2. Governor's Council on Behavioral Health

I attended my first meeting as a member of the Governor's Council on Behavioral Health this week, here are some highlights:

  • We received briefings regarding the data from substance abuse prevention efforts in Rhode Island middle and high schools, as well as the results of the most recent Rhode Island Student Survey (RISS) regarding substance use, bullying, depression, suicide, and violence. This data helps us set priorities of what the priority needs are for Rhode Island's youth

  • We had a robust discussion about how best to engage in workforce building efforts to meet the mental/behavioral health needs of our communities through the lifespan

  • All the key departments at the table gave updates on their current initiatives and needs

To address the mental health needs of Rhode Islanders it is going to take exactly this type of data-driven, coordinated effort and I am so grateful for the chance to be at the table with all of these stakeholders to both give my input as a provider and understand how I can best support these efforts with legislation in the General Assembly.

3. Campaign Updates The changes in District 36 due to redistricting means I have several thousand new households to reach in my campaign before 11/08. While I can cover a lot of ground on foot going door-to-door, having a letter land in their mailbox to introduce myself and let them know about the work I have done in the Senate is helpful. In addition, I need to update the people I have been representing for the past two years on how I have been working for them up at the State House. All these things take money - for informational cards to hand out at doors, for printing letters, and for the postage to send them ($.60 X thousands of letters = quite a lot!) I run a lean campaign and do as much myself as I can, but there are still necessary costs to communicating with voters so they can make an informed choice on Election Day. If you are receiving this and want to make sure to keep a champion for Rhode Islanders through their lifespan, clean air and water, education, safe communities, and access to healthcare representing District 36 in the Rhode Island Senate, please consider making a donation of any size through this link or by sending a check to: Friends of Alana DiMario 47 Tupelo Trail Narragansett, RI 02882 It is so appreciated, and I will put it to good use.
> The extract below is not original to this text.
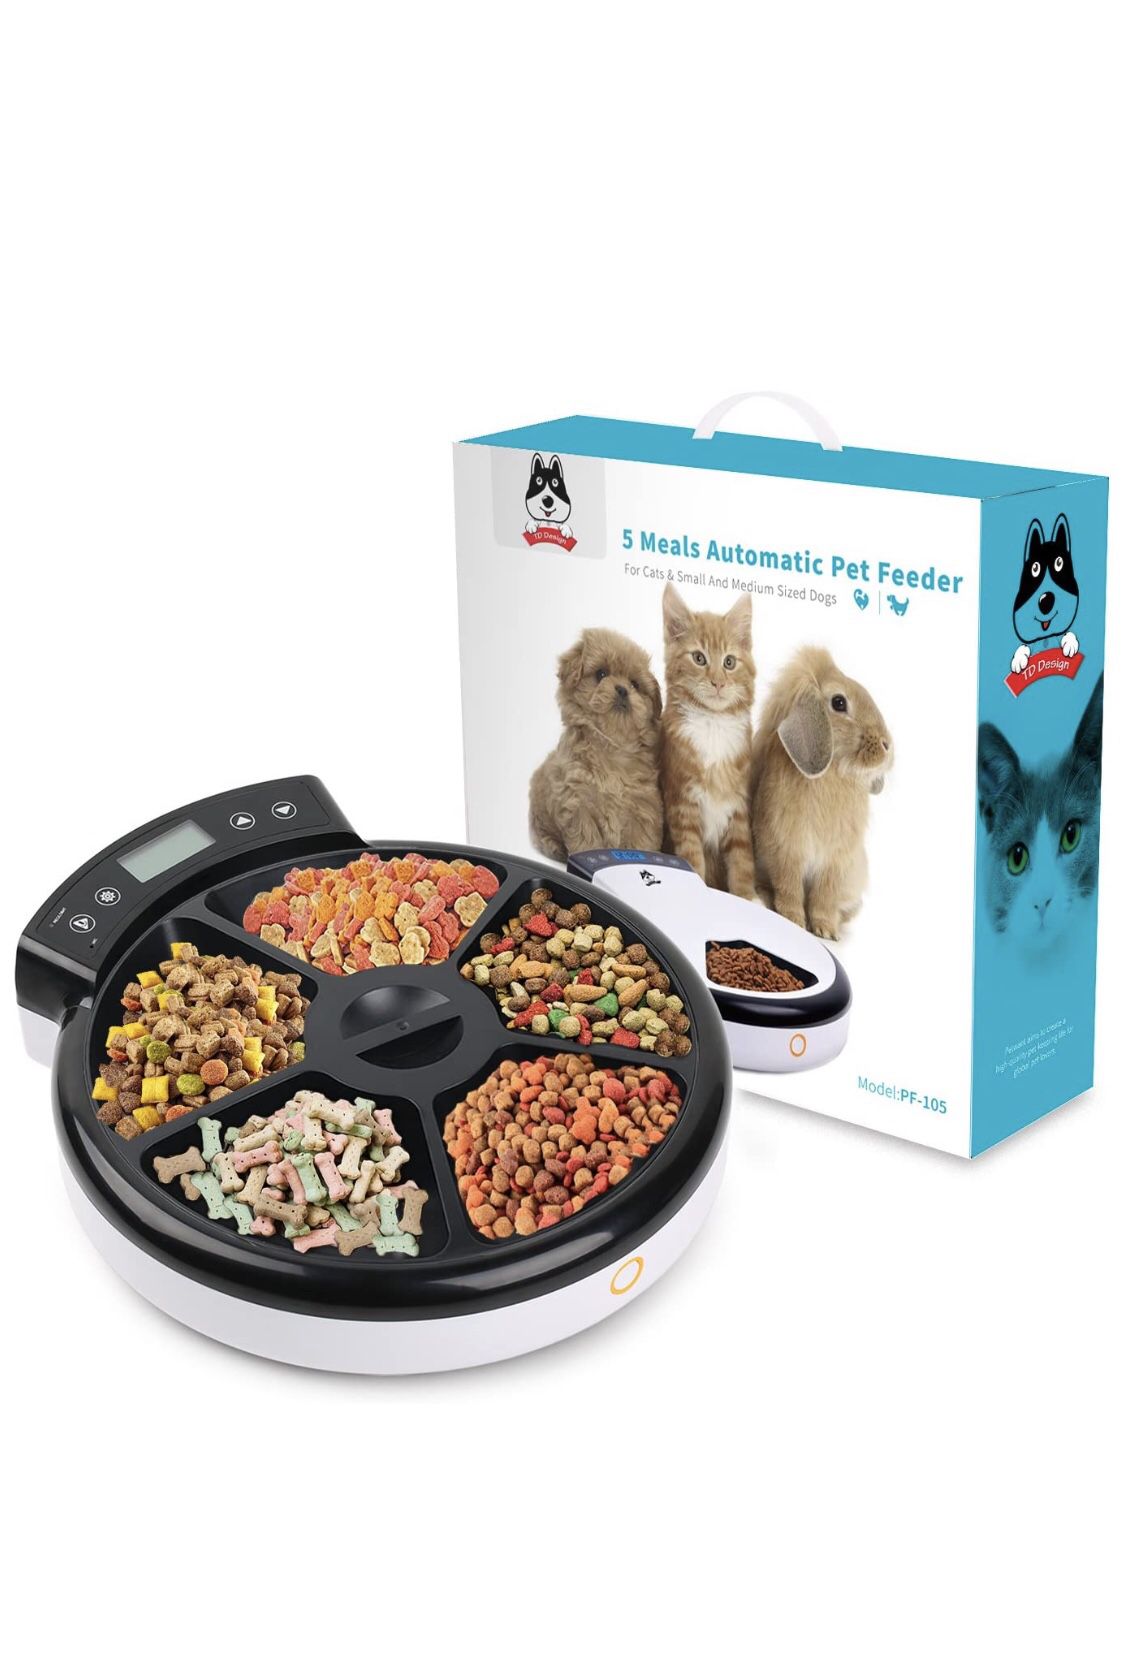 Brand New Automatic Pet Feeder Cat Feeder for Dogs & Cats

It has been an honor to represent our community, and I am eager to have the chance to continue working for us for another term! If you live in District 36 and would like me to come by and put up a yard sign to show your support, please fill out your information through this link and indicate that you'd like a yard sign. (I promise if you don't want to volunteer in another capacity that no one will contact you!)

Photo of the Week:

This week I had the chance to tour some of the 44% of Block Island that is conserved land with representatives from The Nature Conservancy and the Rhode Island Department of Environmental Management. Part of this educational day included a demonstration of a joint effort between TNC and RIDEM that tracks marine life in the Great Salt Pond and other locations on Block Island. This multi-year tracking provides the data that is crucial to understanding the effects of climate change on marine life, both on the ecosystems themselves and also our food systems as they relate to our native seafood populations. The dedication of these researchers is impressive, on this day we watched them catch, measure, and catalogue hundreds of fish!